Lastly, let's just look at one example with more floors. I've been using 25 floors because it was big enough that hopefully we could see the sqrt behavior if it was doing it, but also small enough that a given number of episodes could let it converge. However, let's run it at 100 floors for good measure, to really make sure it's doing the right thing.

200,000 episodes:

Pretty messy, and you can see that not even all the 1e states have converged (probably because some haven't even gotten to try all their actions, so if the action hasn't been tried, the Q(S,A) is the starting value of 0, bigger than negatives that accrue from actually trying actions). I thought that trying 2,000,000 episodes might improve it, but...

I'm not sure what to take away. It's possible that the randomness of this could cause this stuff, since there are a lot of states, but it's still confusing. Still, this should show that it's definitely finding the right path, even if it takes a while.

Anyway, that's all for now. This was a fun project that started pretty randomly but got me on the RL path. I still have a lot of questions about the problem and RL in general, though: Is this a unique problem, with its dire consequence for breaking two eggs? Does a consequence like that really mean that you should avoid use of $\lambda$ and $\epsilon$?

Right now, my Q(S,A) is initialized to all 0's. Since each episode always gives a negative reward, that means that, in a state, it will actually keep trying new actions until it has tried them all. In a way that seems good, because it's automatically doing exploration, but it also seems like it's different in nature from what I feel like I see in some problems, where it's more of a positive feedback loop (i.e., the agent tries an action, gets a positive reward, now that action is even moreso the argmax, and it keeps trying it).

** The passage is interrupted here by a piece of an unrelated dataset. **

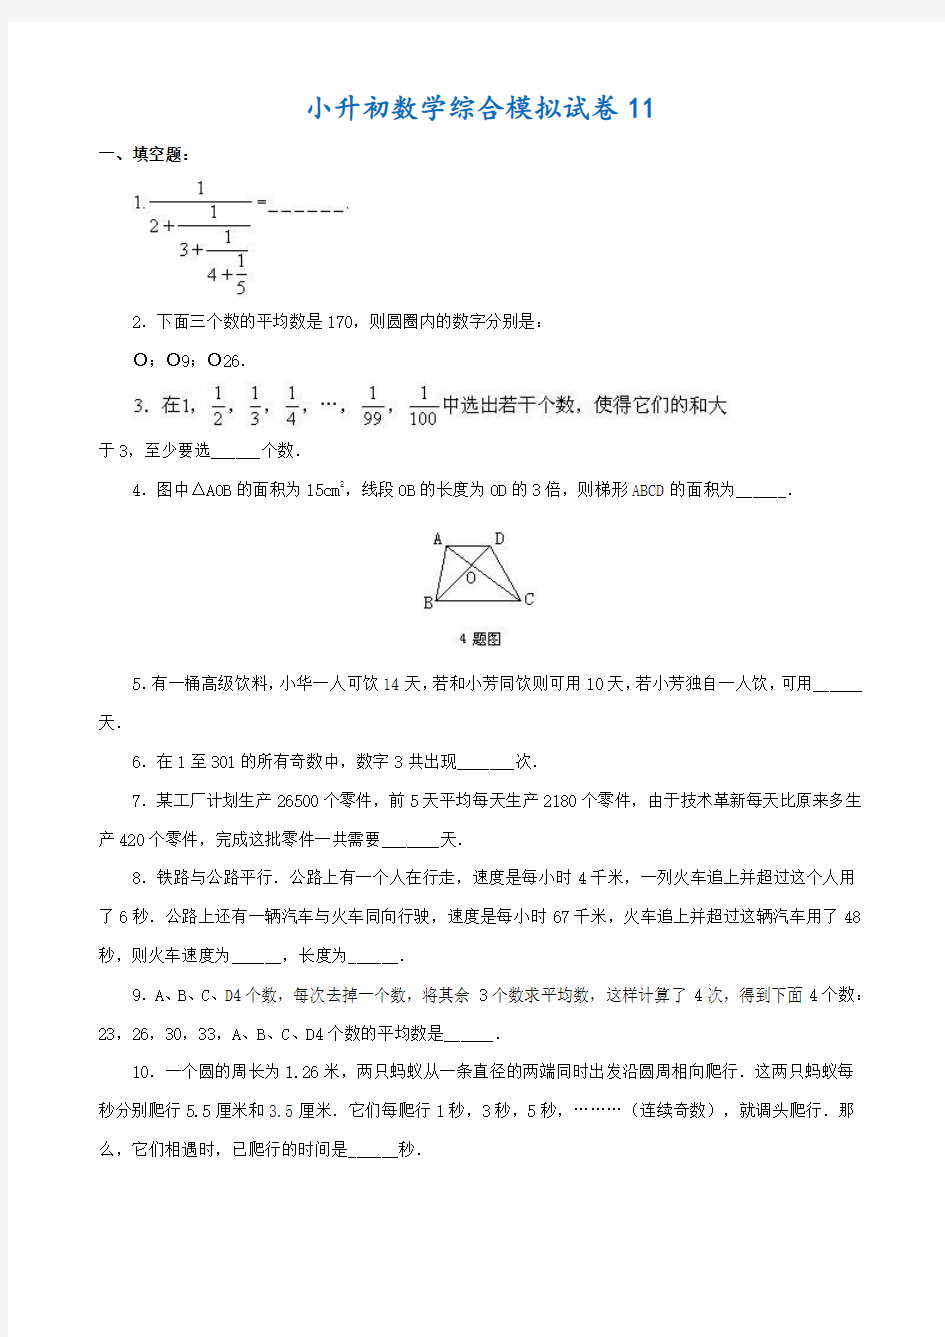 2018-2019肇庆市小升初数学模拟试题(共10套)附详细答案

Another thing I might do one day is, I'm afraid I may have put too much of a "model" into the problem. That is, when I do performAction(S,A), it automatically returns you to the "subproblem" (for example, if you have 100 floors left and drop on 34 and it doesn't break, it then puts you in the state with floor 66). This is true, but maybe it's giving insight to the model, whereas the most model free agent could figure that stuff out on their own?